Train set size: 25000
Test set size: 25000


In [5]:
# getting dtype of train, test sets
print('Text', info.features['text'].tf_dtype)
print('Label', info.features['label'].tf_dtype)

Text <dtype: 'string'>
Label <dtype: 'int64'>


In [6]:
# getting info of target feature
print('Number of classes:', info.features['label'].num_classes)
print('Class names:', info.features['label'].names)

Number of classes: 2
Class names: ['neg', 'pos']


In [7]:
# text vetorization
Vectorizer = layers.TextVectorization(max_tokens=1000+2, pad_to_max_tokens=True, standardize='lower_and_strip_punctuation', 
                                      split='whitespace', output_mode='int', output_sequence_length=100)
reviews = train_ds.map(lambda text, label: text)
Vectorizer.adapt(reviews)
Vectorizer(reviews.take(1).get_single_element())
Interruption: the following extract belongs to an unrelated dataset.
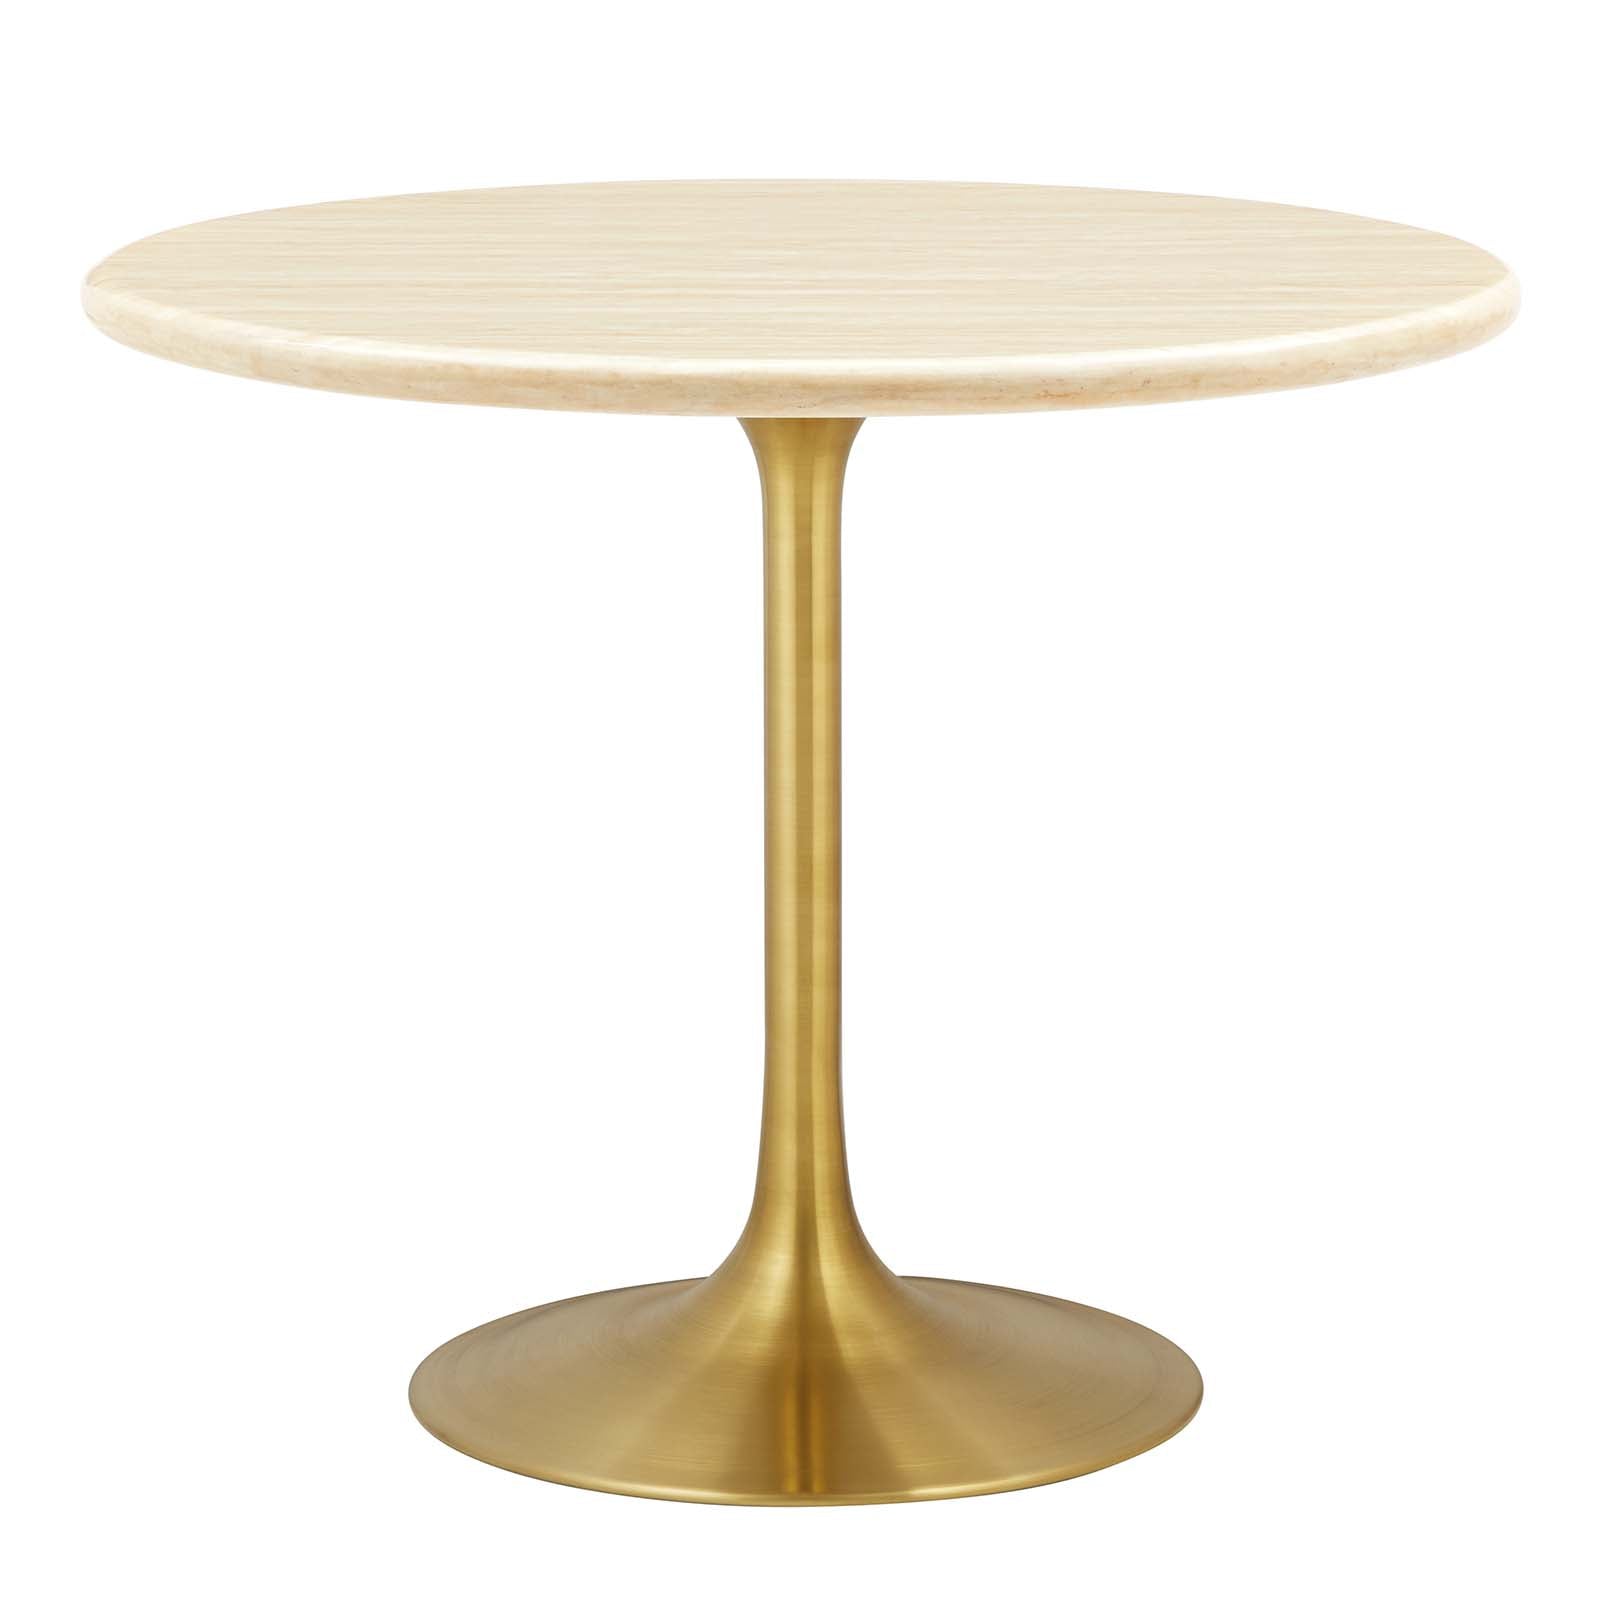 Lippa 36” Round Artificial Travertine Dining Table-Dining Table-Modway-Wall2Wall Furnishings

<tf.Tensor: shape=(100,), dtype=int64, numpy=
array([ 11,  14,  34, 412, 384,  18,  90,  28,   1,   8,  33,   1,   1,
        42, 487,   1, 191,  24,  85, 152,  19,  11, 217, 316,  28,  65,
       240, 214,   8, 489,  54,  65,  85, 112,  96,  22,   1,  11,  93,
       642, 743,  11,  18,   7,  34, 394,   1, 170,   1, 408,   2,  88,
         1, 137,  66, 144,  51,   2,   1,   1,  66, 245,  65,   1,  16,
         1,   1,   1,   1,   1,   1,   3,  40,   1,   1,  17,   1,  14,
       158,  19,   4,   1, 891,   1,   8,   4,  18,  12,  14,   1,   5,
        99, 146,   1,  10, 237, 704,  12,  48,  24])>

In [8]:
# building input pipeline
train_ds = train_ds.shuffle(len(train_ds)).batch(32).cache().prefetch(tf.data.AUTOTUNE)
test_ds = test_ds.batch(32).prefetch(tf.data.AUTOTUNE)

In [9]:
# model building
model = Sequential()
model.add(layers.Input(shape=(1,), dtype=tf.string))
model.add(Vectorizer)
model.add(layers.Embedding(input_dim=Vectorizer.vocabulary_size(), output_dim=2, input_length=(100)))
model.add(layers.LSTM(units=32, activation='tanh', return_sequences=True, dropout=0.4, input_shape=(32, 100, 1)))
model.add(layers.BatchNormalization())
model.add(layers.LSTM(units=16, activation='tanh', dropout=0.4))
model.add(layers.BatchNormalization())
model.add(layers.Dense(units=8, activation='relu'))
model.add(layers.Dense(units=1, activation='sigmoid'))

In [10]:
# model summary
model.summary()

Model: "sequential"
_________________________________________________________________
 Layer (type)                Output Shape              Param #   
 text_vectorization (TextVec  (None, 100)              0         
 torization)                                                     
                                                                 
 embedding (Embedding)       (None, 100, 2)            2004      
                                                                 
 lstm (LSTM)                 (None, 100, 32)           4480      
                                                                 
 batch_normalization (BatchN  (None, 100, 32)          128       
 ormalization)                                                   
                                                                 
 lstm_1 (LSTM)               (None, 16)                3136      
                                                                 
 batch_normalization_1 (Batc  (None, 16)               6

In [11]:
# model config
model.compile(loss='binary_crossentropy', optimizer='adam', metrics=['accuracy'])

In [12]:
# model training
history = model.fit(train_ds, verbose=1)



In [13]:
# model evaluation
scores = model.evaluate(test_ds, verbose=0)
print('Accuracy:', round(scores[1] * 100, 2))

Accuracy: 69.7